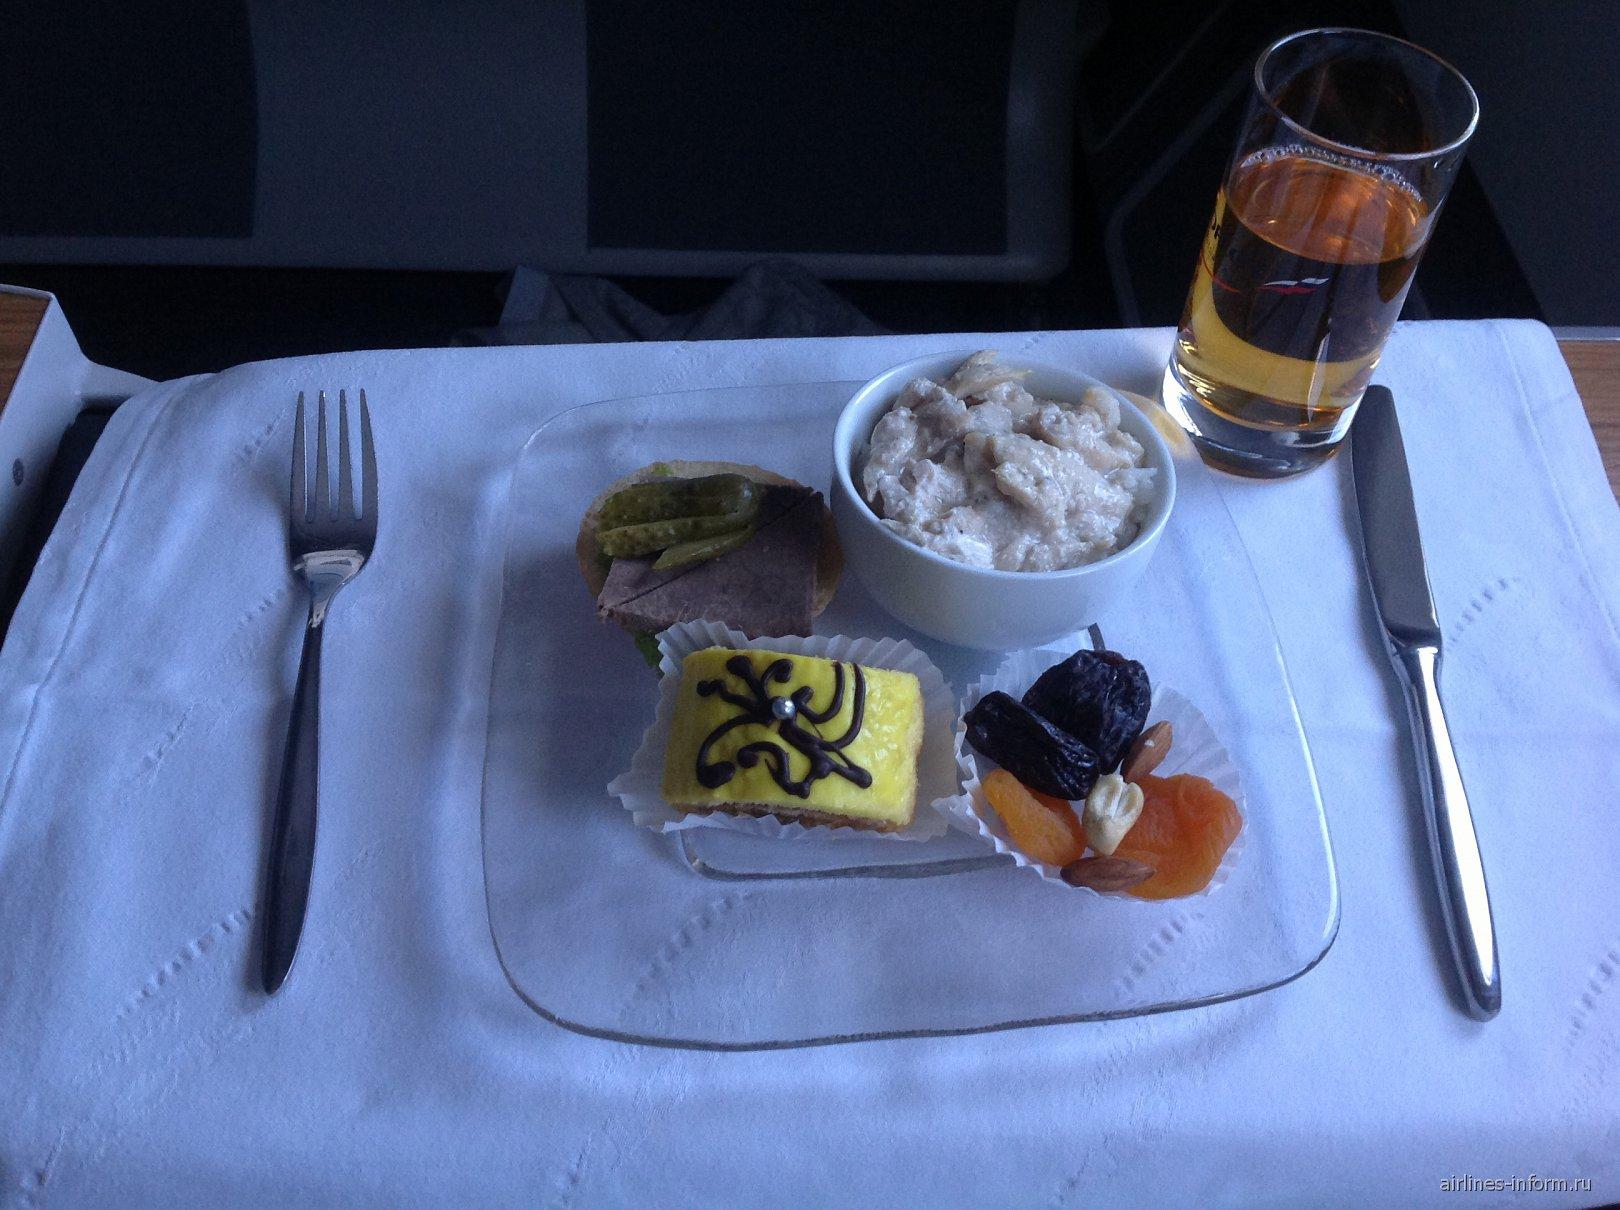 Второе питание бизнес-класса на рейсе Аэрофлота Хабаровск-Москва
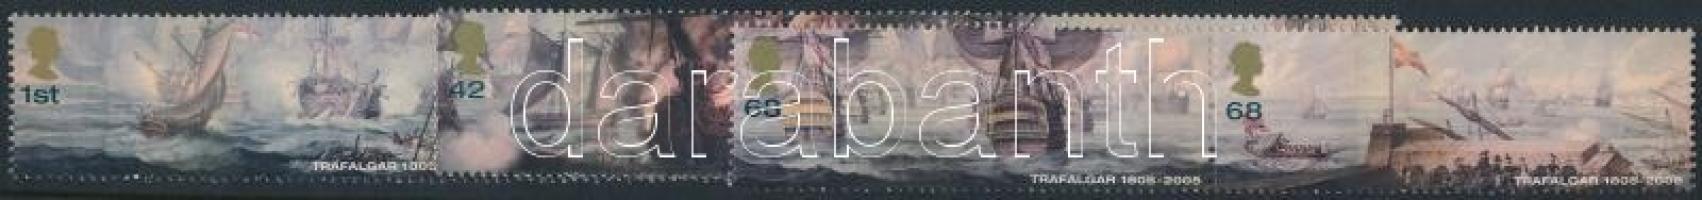 2005 A trafalgári csata 200. évfordulója 3 pár Mi 2348-2353
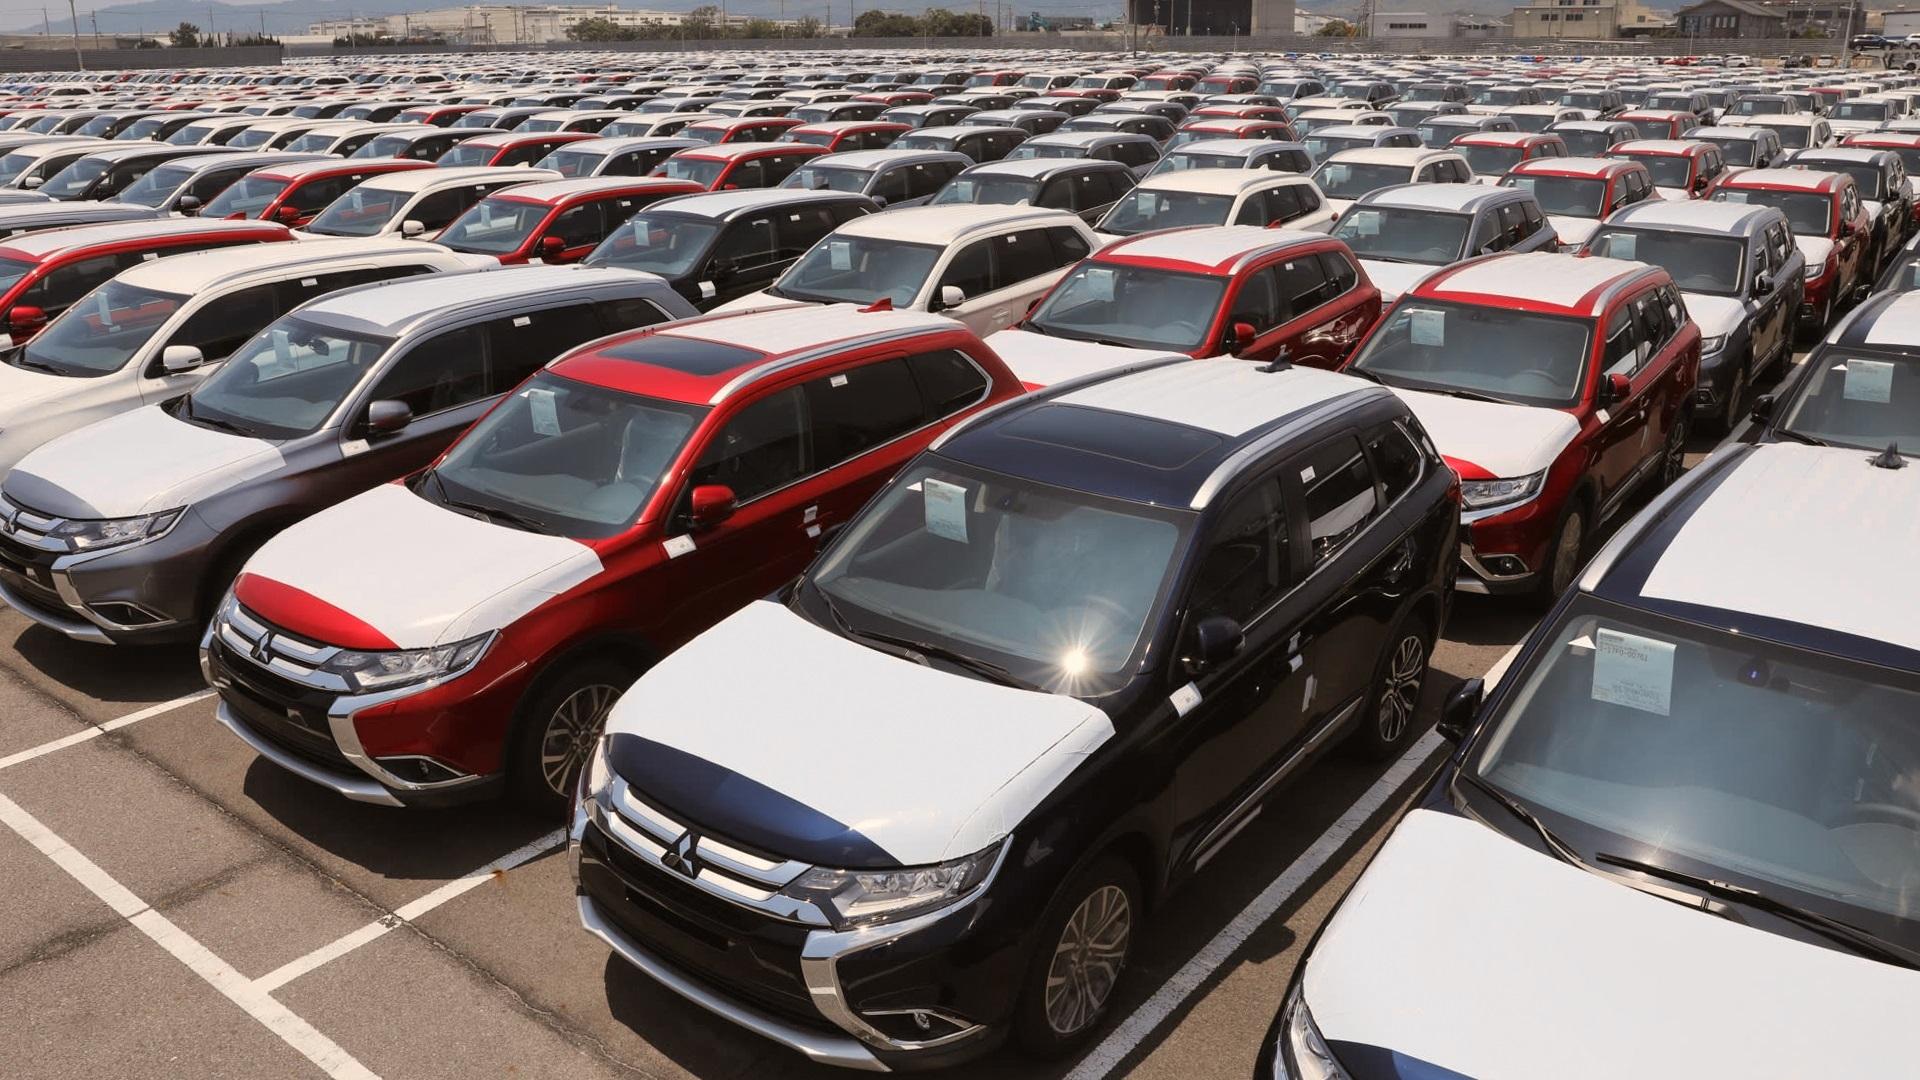 گمرک: وضعیت ۲۲۴۹ خودرو دپوشده را به وزارت اقتصاد اعلام کرده ایم
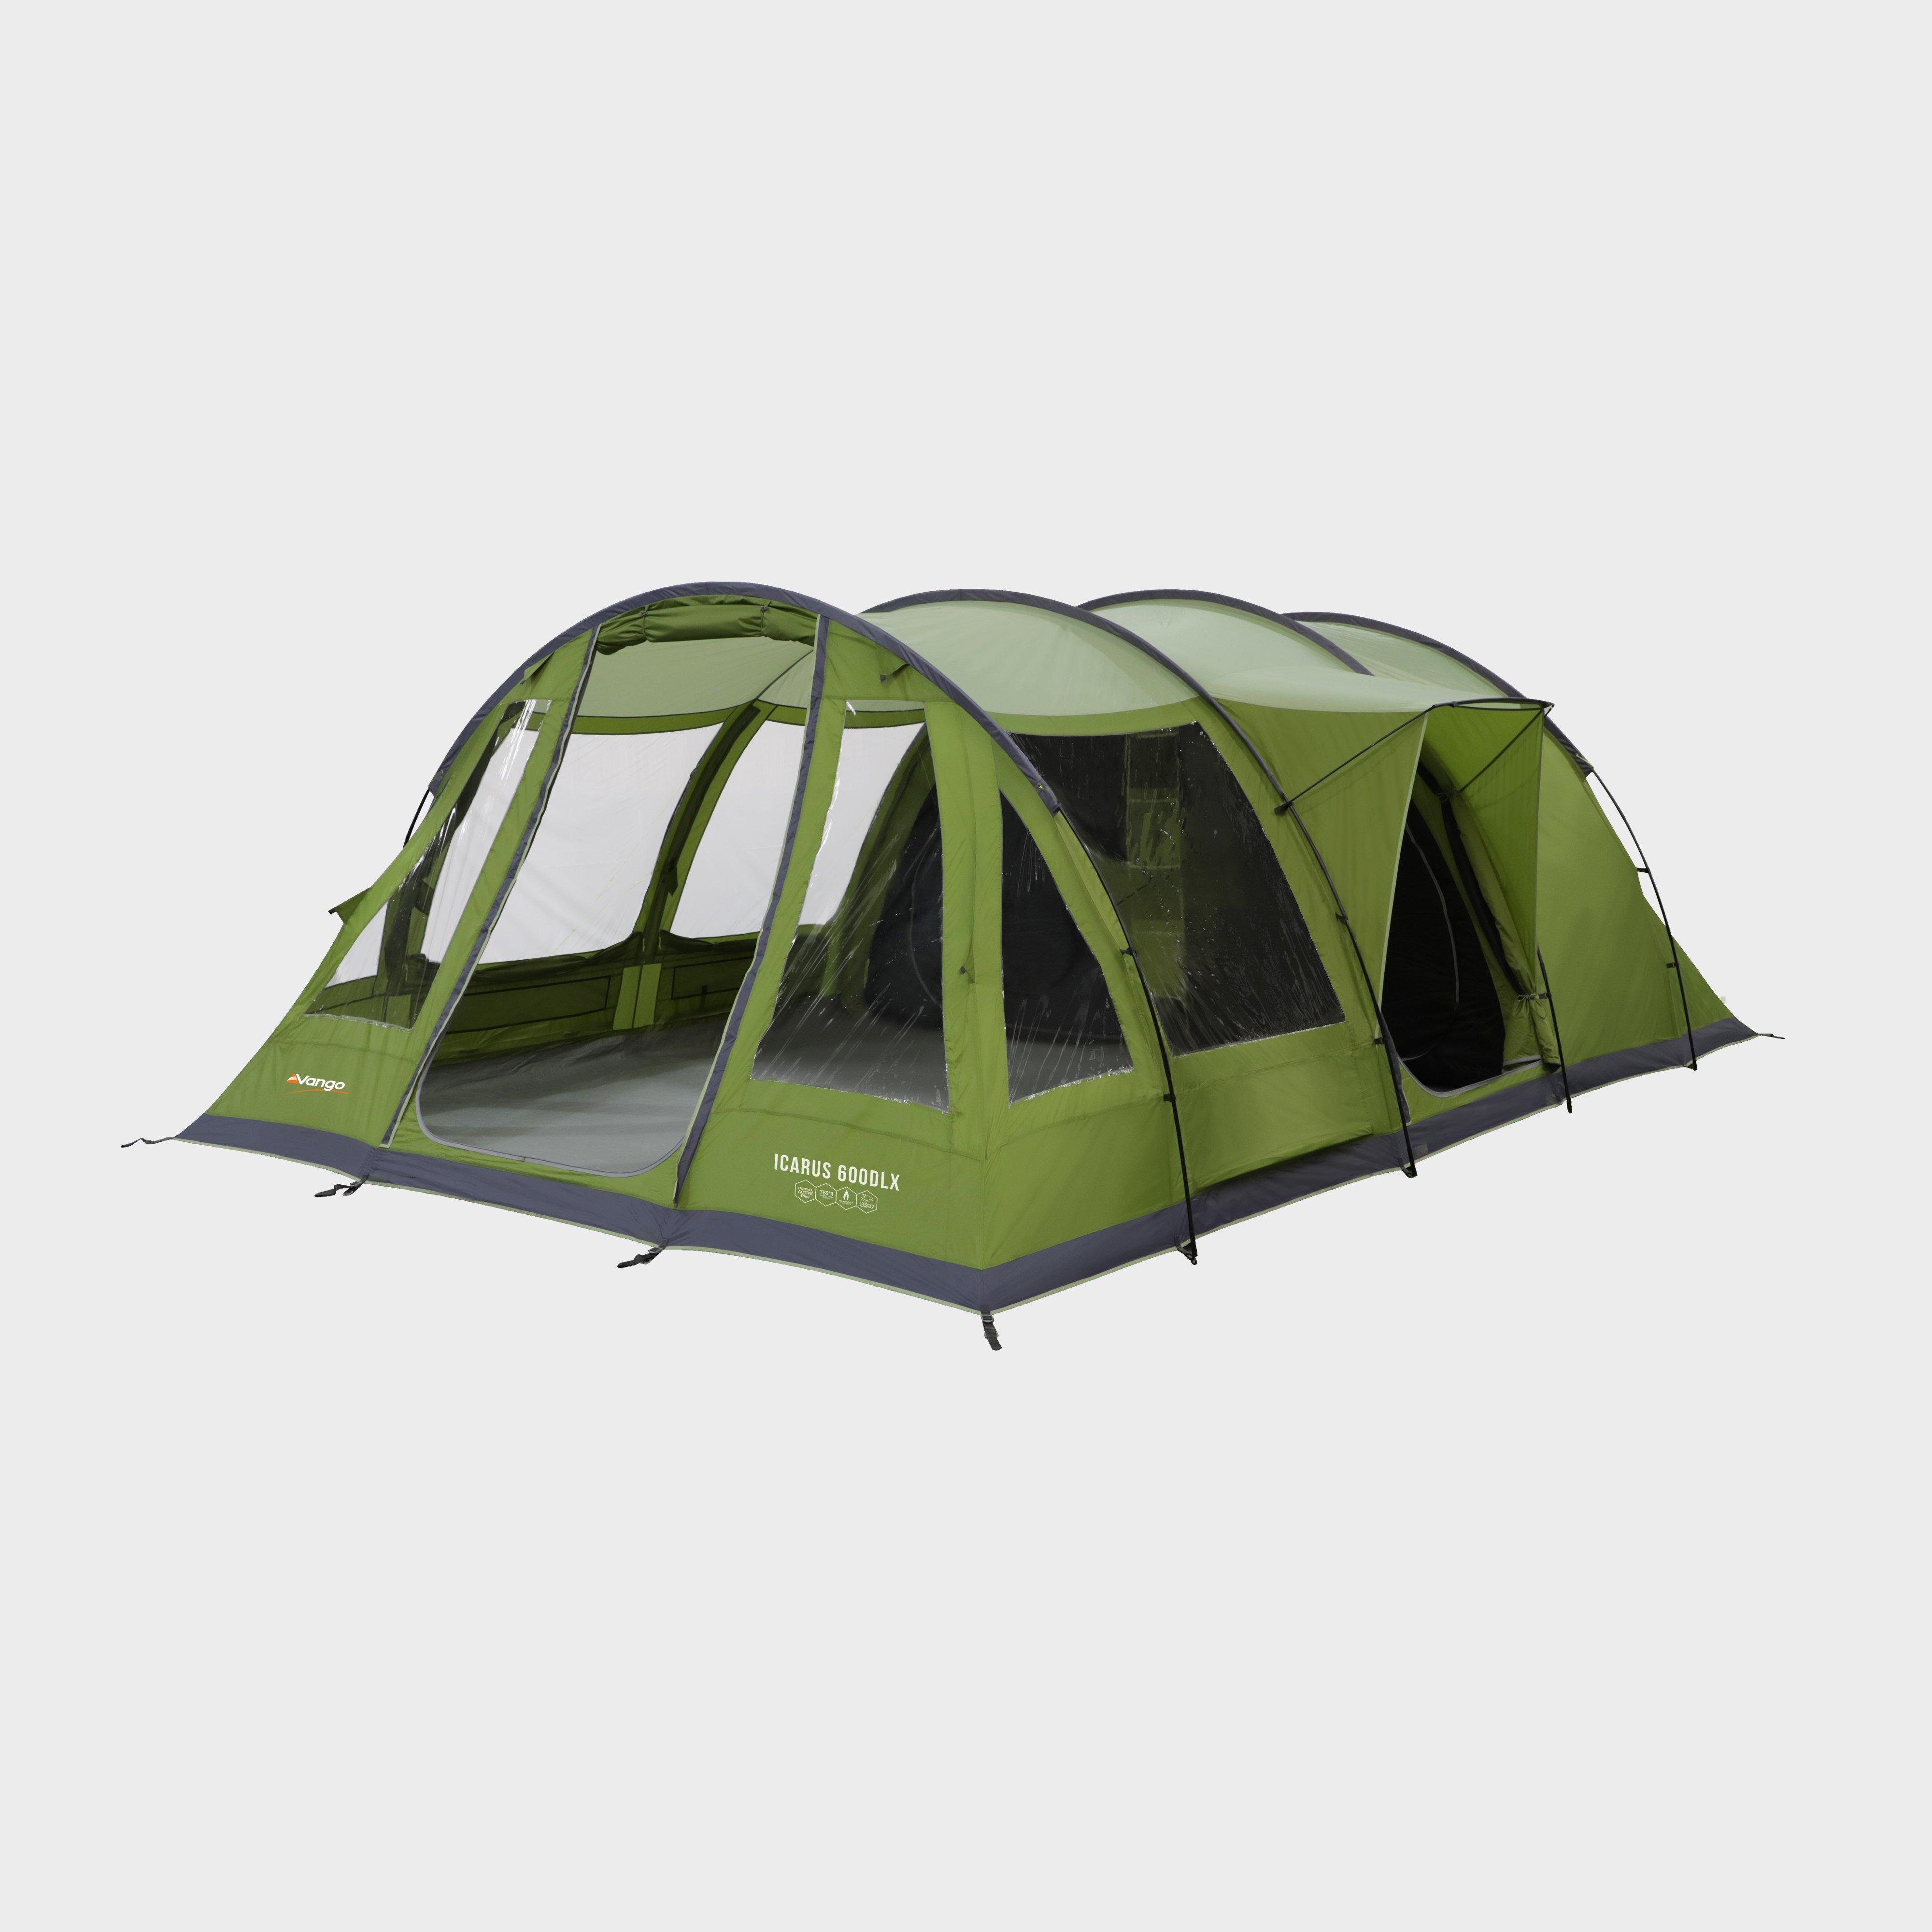 Vango Icarus 600DXL Tent, NO/NO

........

▶ **Assignment**
Restate every line above word for word. Do not carry over the images.

▶ **Final answer**
 Второе питание бизнес-класса на рейсе Аэрофлота Хабаровск-Москва
 2005 A trafalgári csata 200. évfordulója 3 pár Mi 2348-2353
 گمرک: وضعیت ۲۲۴۹ خودرو دپوشده را به وزارت اقتصاد اعلام کرده ایم
 Vango Icarus 600DXL Tent, NO/NO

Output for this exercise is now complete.